Regulatory timeline and review focus
The FDA assigned a PDUFA target action date of January 6, 2027. In its notice, the agency said the regulatory review will concentrate on scientific evidence that describes overlapping features between papillary disease and CIS to determine whether that evidence adequately supports broadening ANKTIVA's approved indication.
Clinical evidence supporting the supplemental filing
The supplemental application is supported by results from the QUILT 3.032 Phase 2/3 trial, specifically Cohort B, which enrolled 80 patients with high-grade papillary-only NMIBC. According to data published in The Journal of Urology, the trial met its primary endpoint with a 12-month disease-free survival rate of 58.2%.
Secondary endpoints reported in the publication include progression-free survival of 94.9% at 12 months and 82.0% at 36 months. Cystectomy-free survival was listed as 92.2% at 12 months and 83.1% at 36 months. Disease-specific survival reached 96.0% at 36 months.
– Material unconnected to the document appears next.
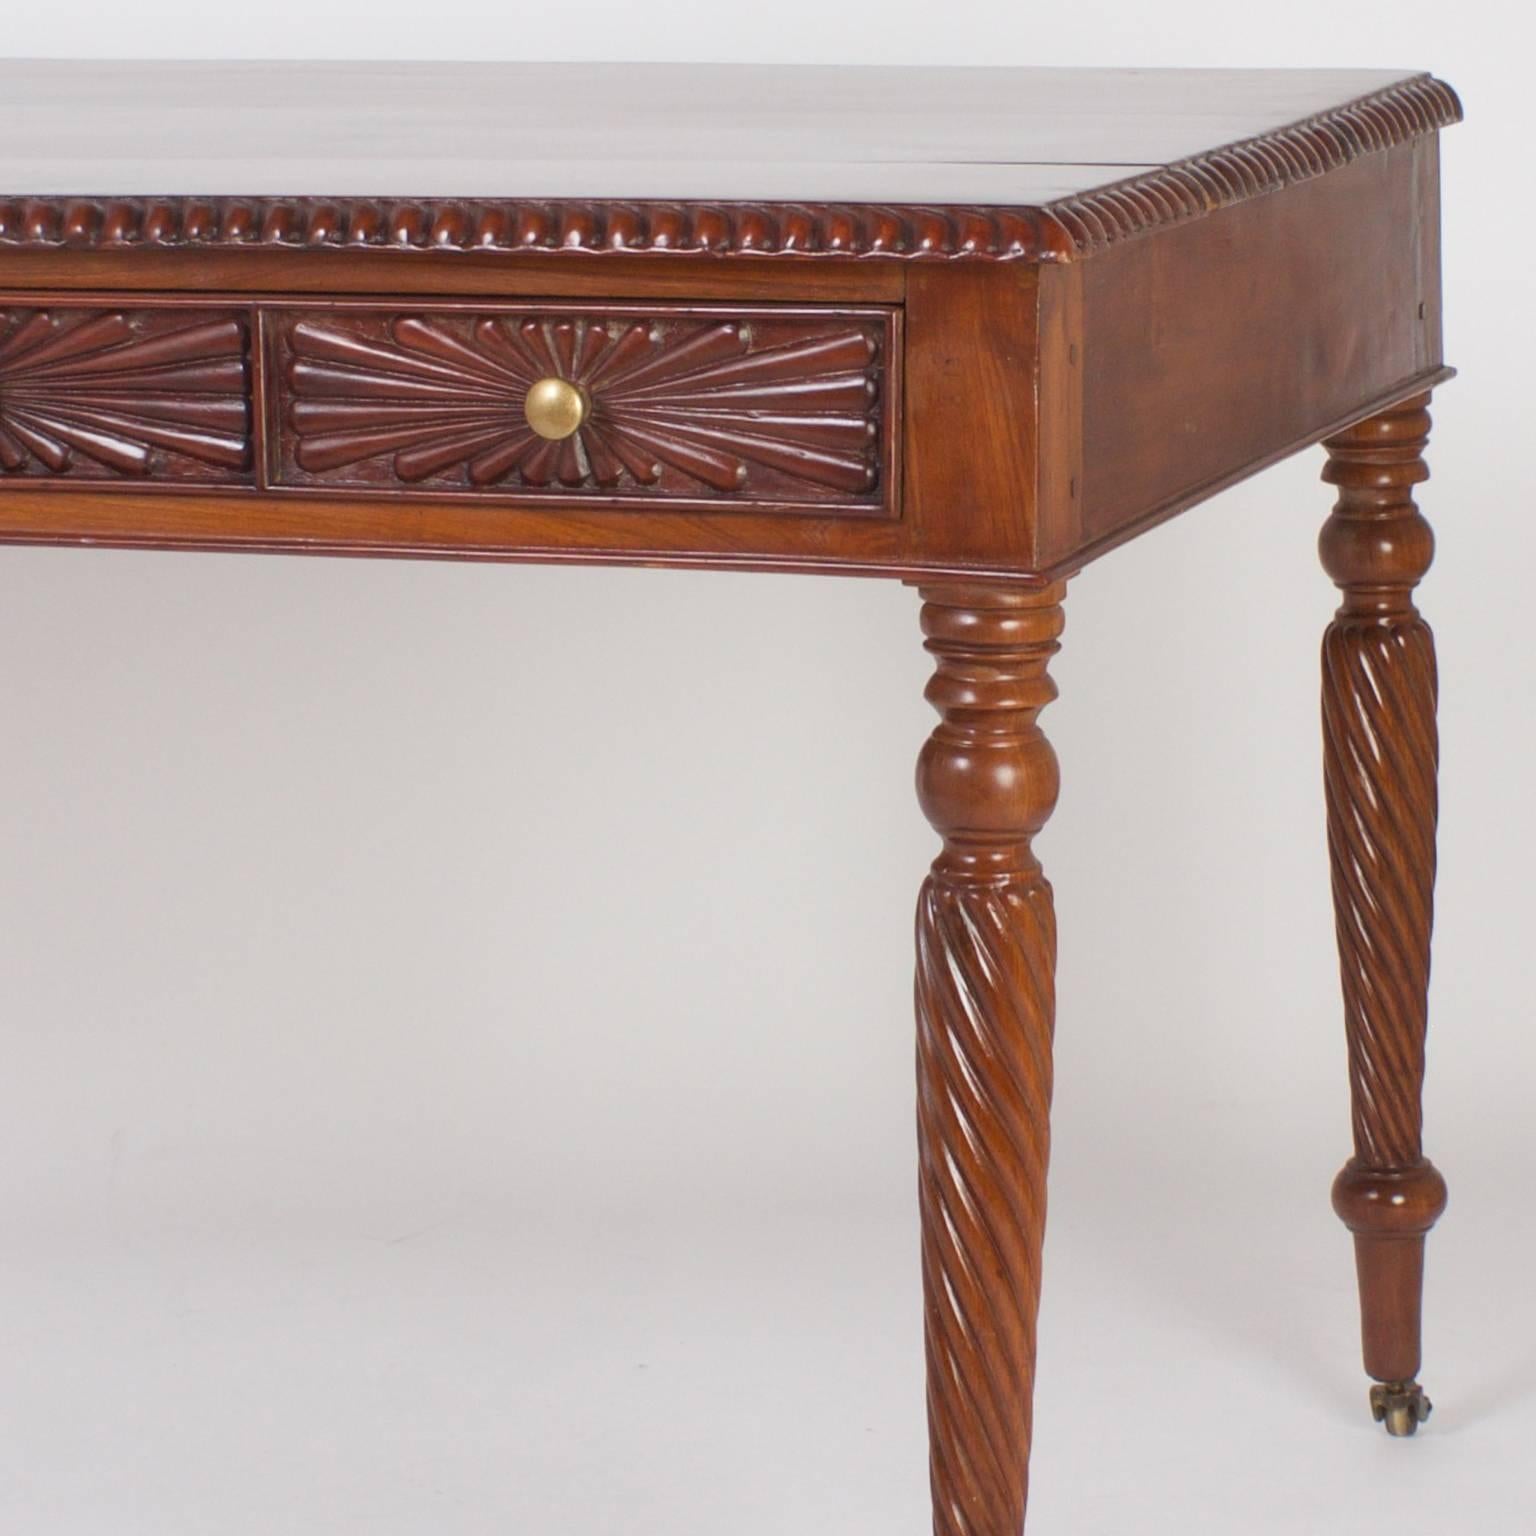 Anglo-Indian 19th Century British Colonial Writing Desk or Library Table

Existing approval and patient population
ANKTIVA in combination with BCG was approved by the FDA in April 2024 to treat adult patients with BCG-unresponsive NMIBC that includes carcinoma in situ, with or without papillary tumors. The filing now seeks to extend that indication to the subset of patients who present with papillary disease only. The source material notes that approximately 85% of the roughly 64,000 people diagnosed with NMIBC in the United States each year present with papillary disease.
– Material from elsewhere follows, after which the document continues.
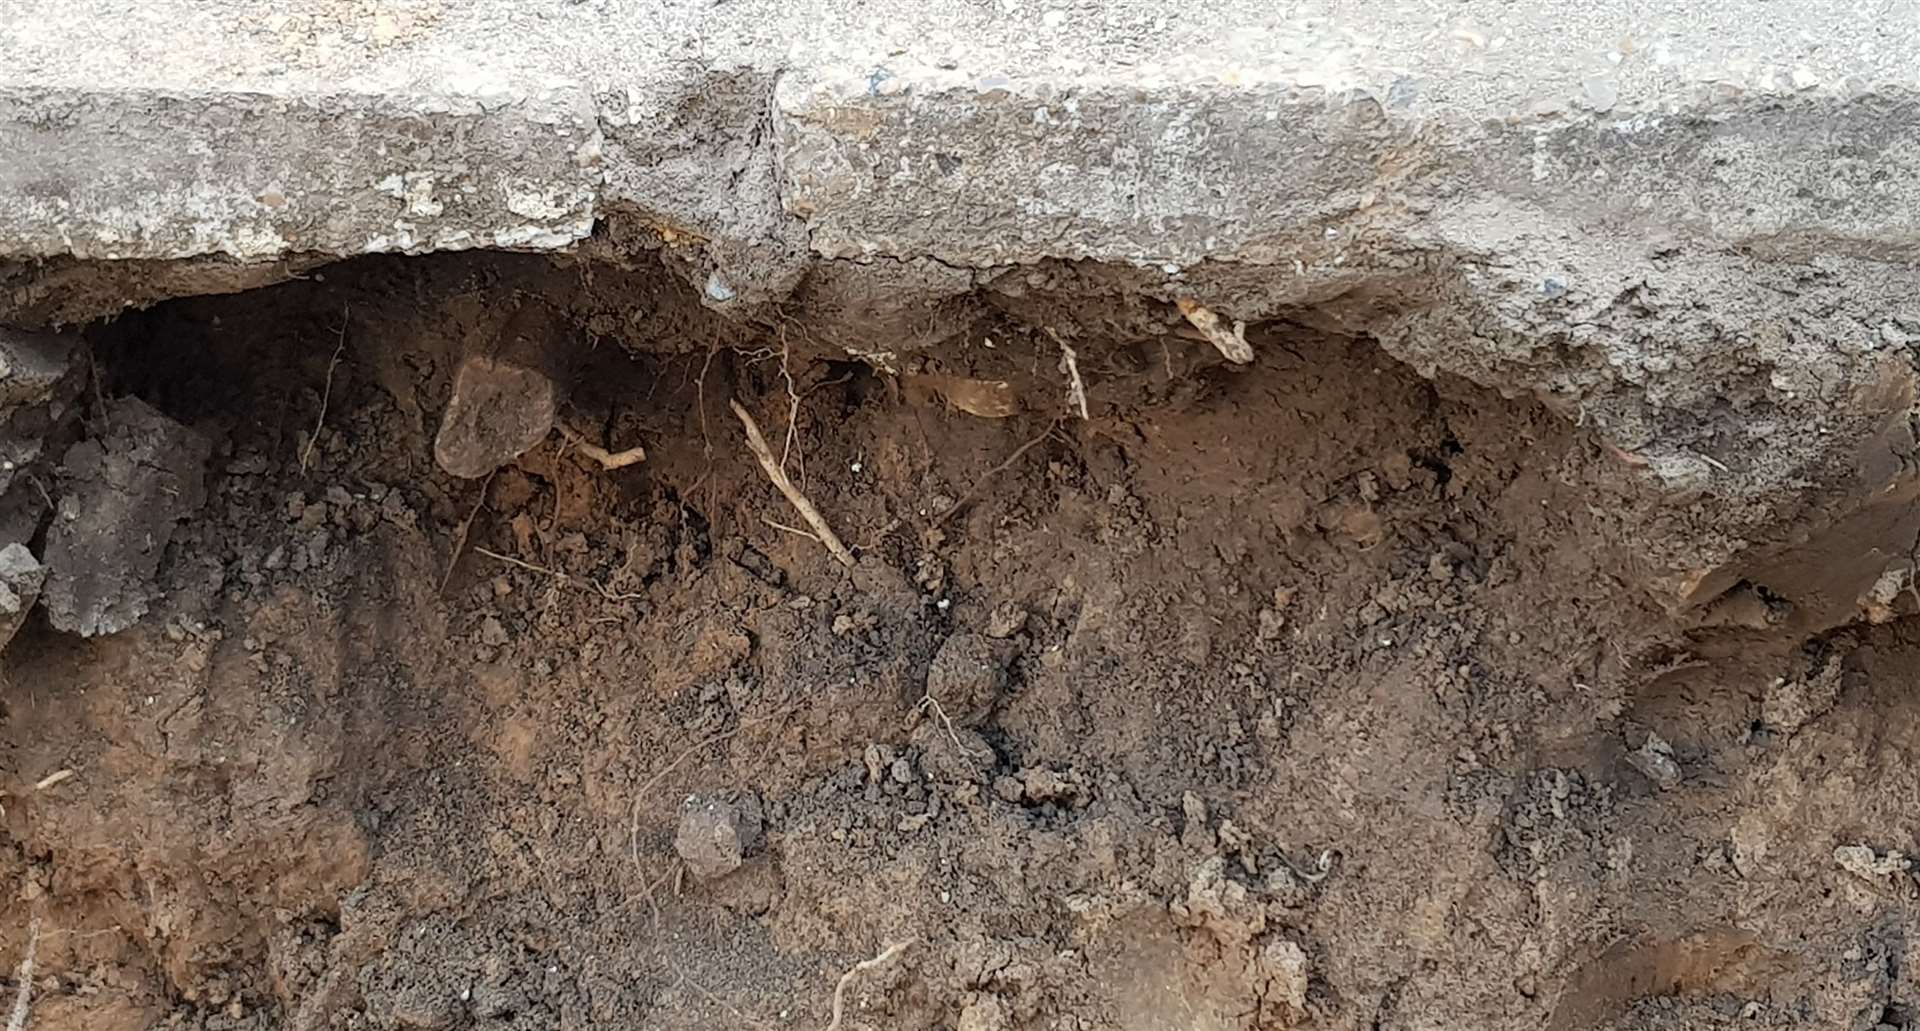 Bones from two skeletons were found at the property in Bridge Street

Context from FDA workshop and guideline alignment
During an FDA workshop on May 18, 2026, panelists stated that CIS and papillary disease arise from the same cancer-inducing clone and observed that clinicians already treat patients with papillary disease alone using off-label FDA-approved therapies that address CIS and papillary disease. The article states this assessment was consistent with the National Comprehensive Cancer Network's March 2026 decision to designate treatment of BCG-unresponsive NMIBC papillary disease as a Category 2A guideline.
Implications
The FDA's acceptance of the sBLA initiates a formal review that will test whether the scientific overlap between papillary disease and CIS supports expanding ANKTIVA's indication. The company’s supplemental filing relies on the outcomes reported in a single Phase 2/3 cohort of 80 patients, and the PDUFA target date sets a clear regulatory timeline for a decision.